▸ Your goal: After locating the line that bears "Family Law Consultation", restate word for word that line and the rest of the listing to its final line, excluding all pictures.

▸ Data:
• • • • • • •
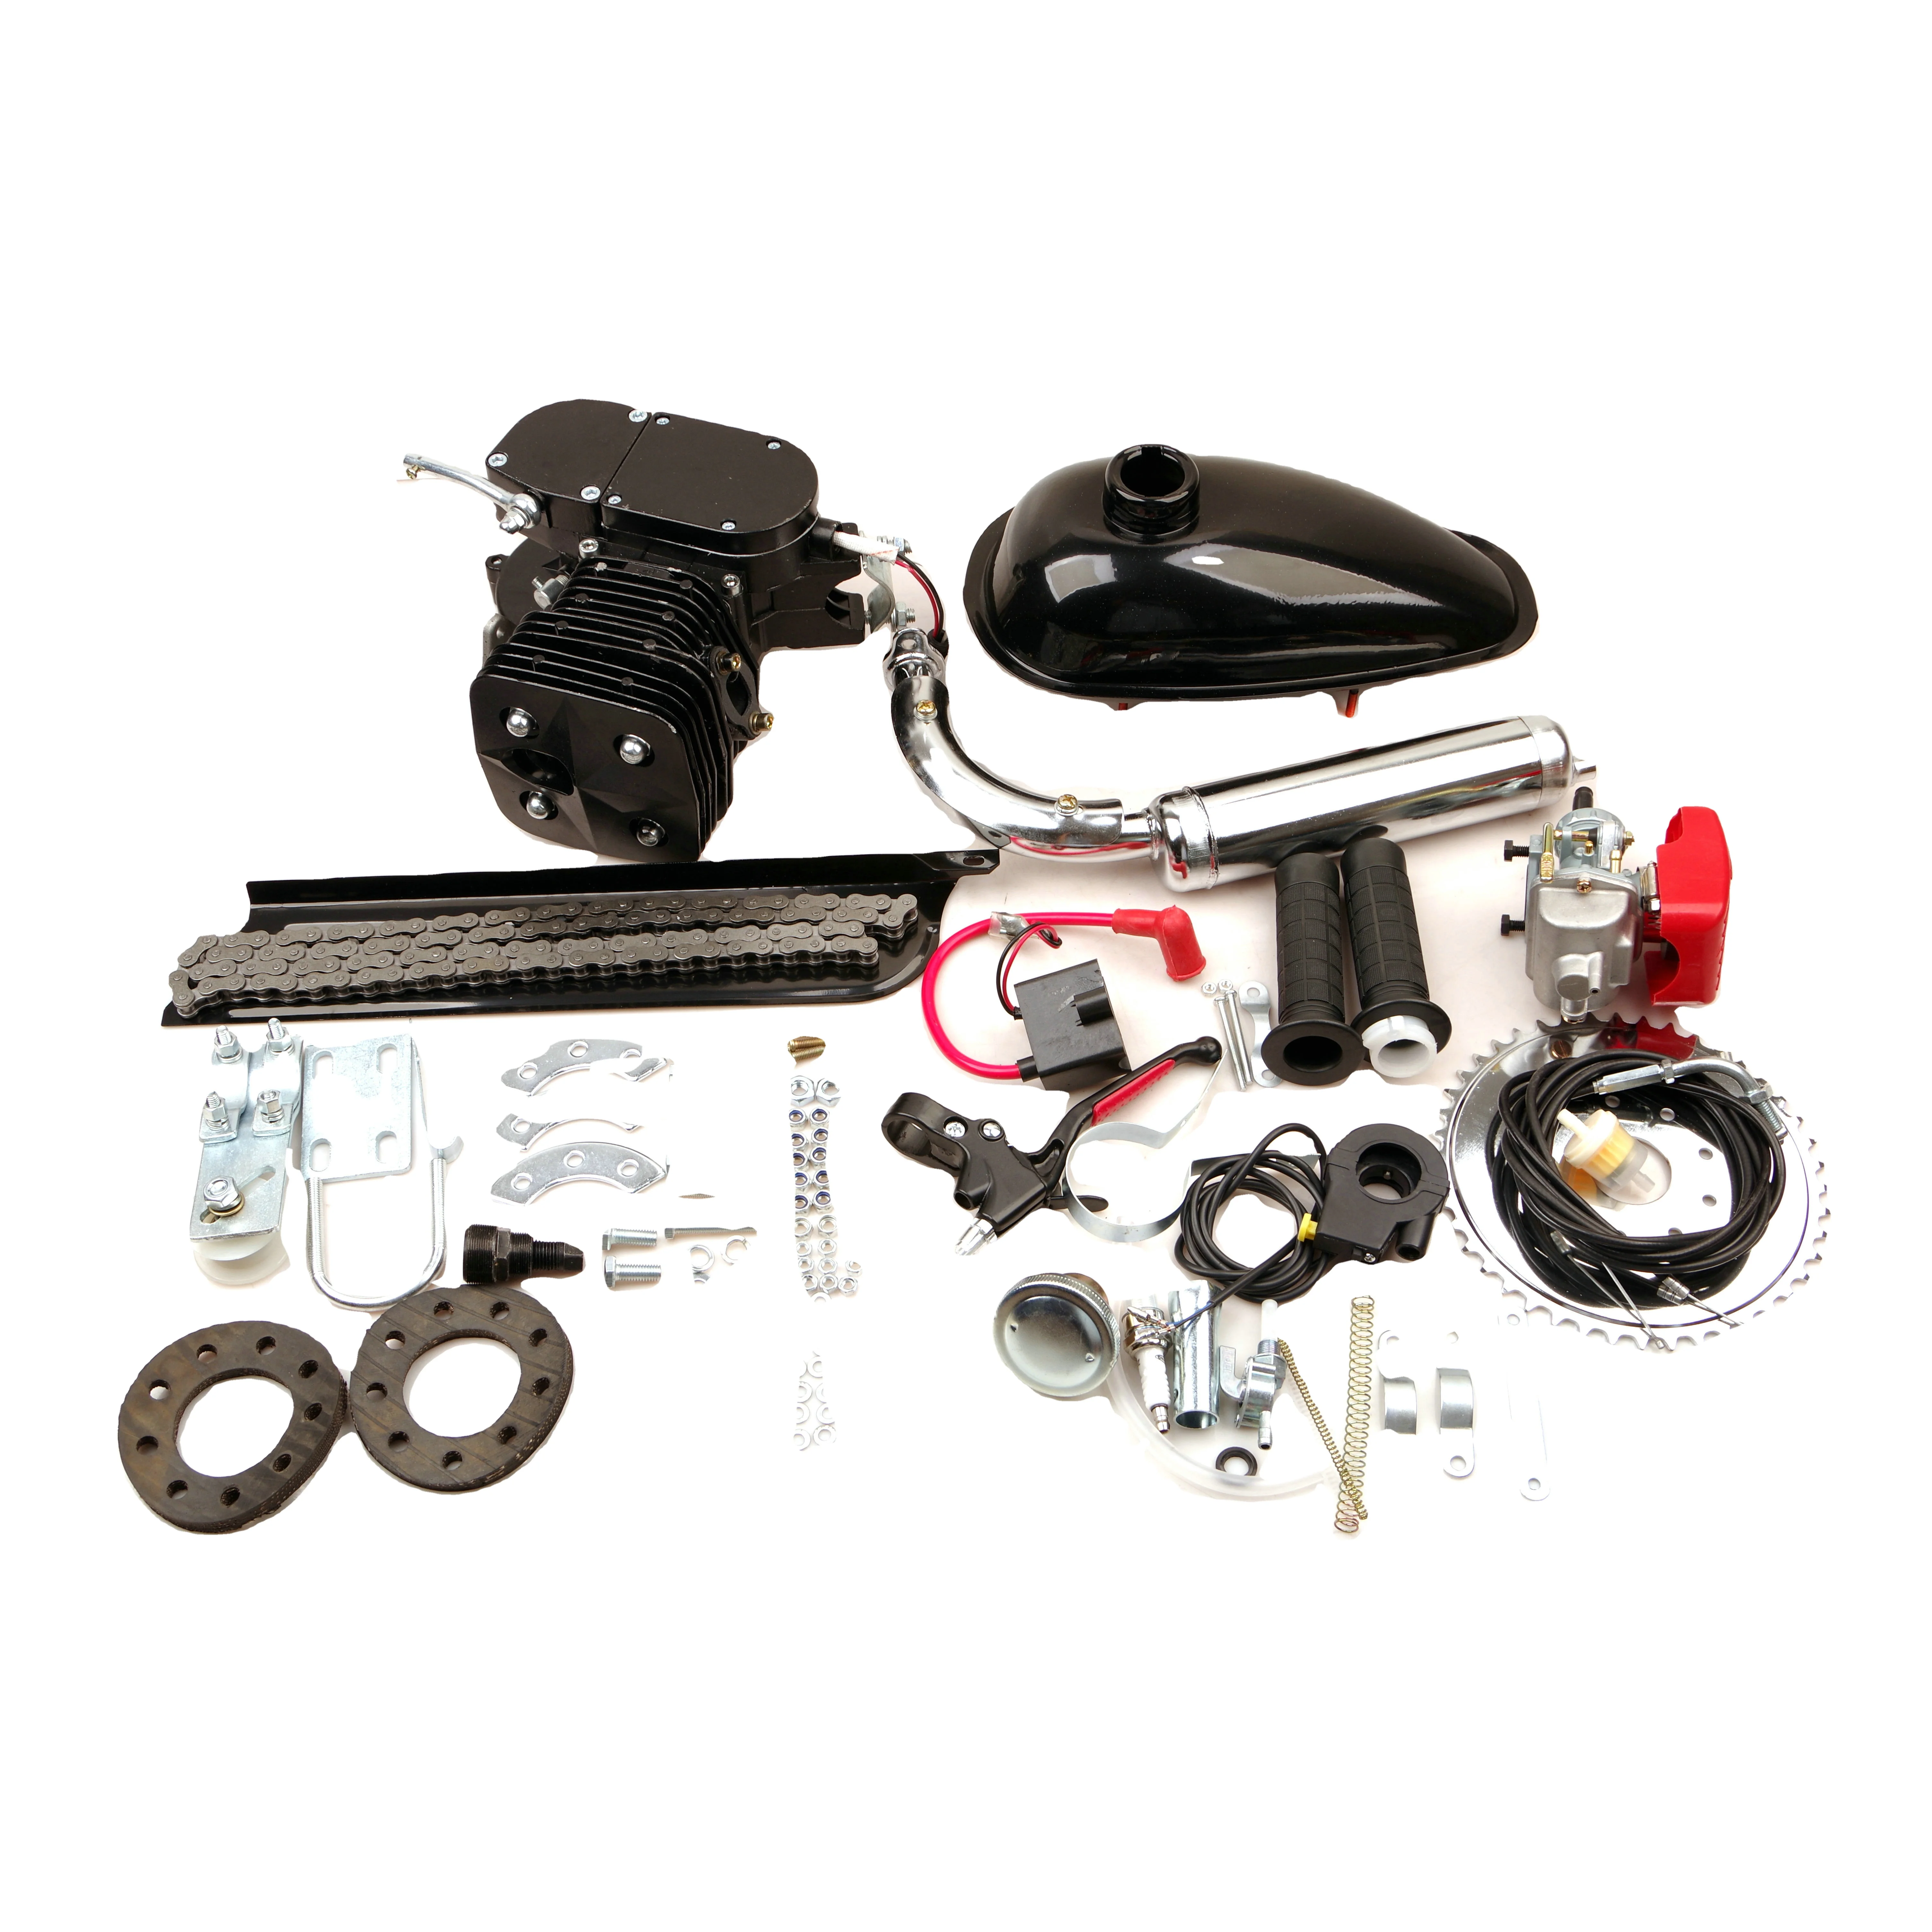 Cheap Motorcycle Kit110cc 2-stroke Gas Engine Kit For Bicycle
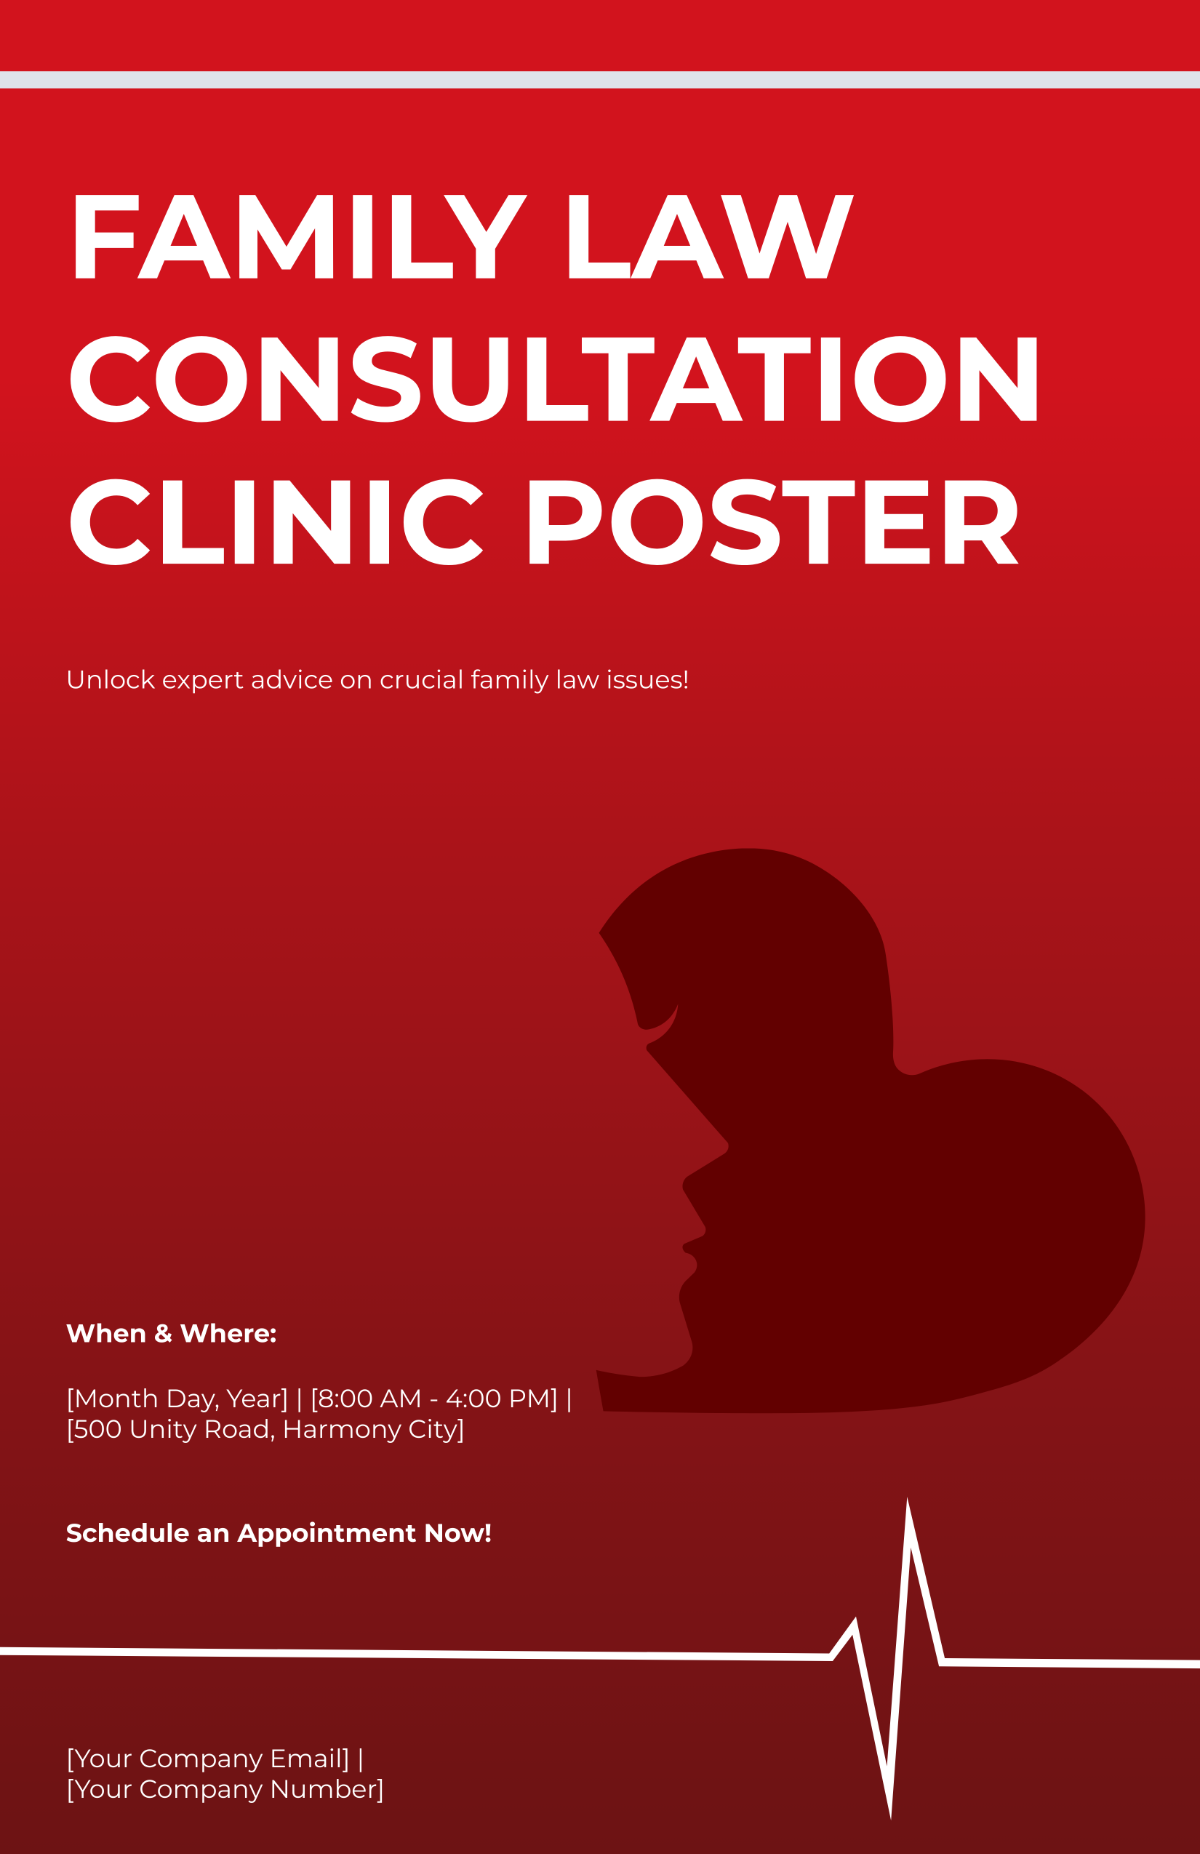 Family Law Consultation Clinic Poster Template
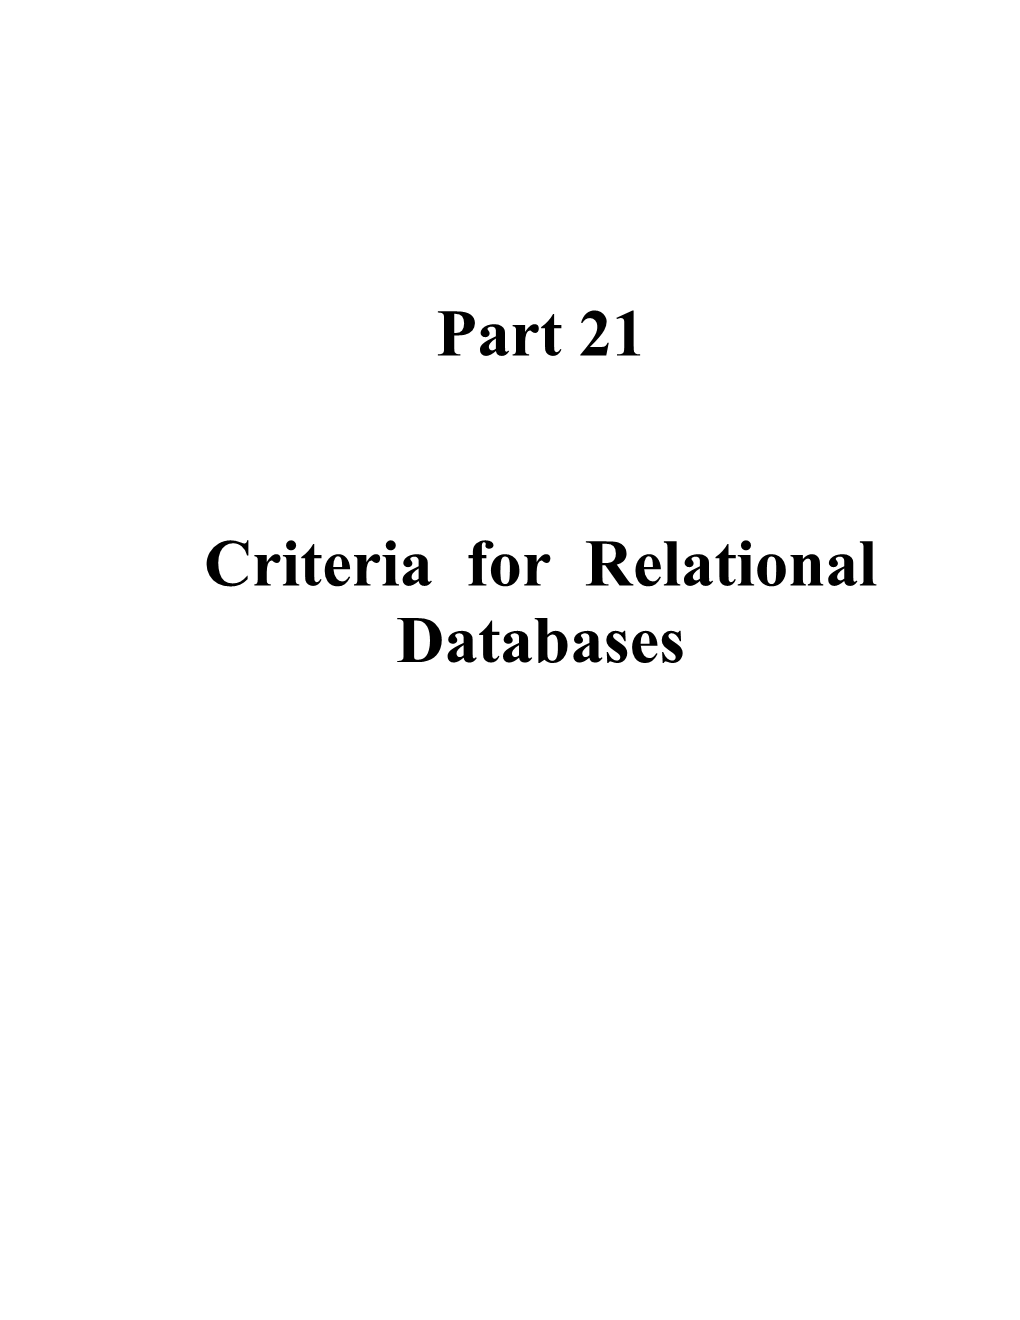 Part 21 - Criteria for Relational Databases
• • • • • • •
▸ Completed exercise:
 Family Law Consultation Clinic Poster Template
 Part 21 - Criteria for Relational Databases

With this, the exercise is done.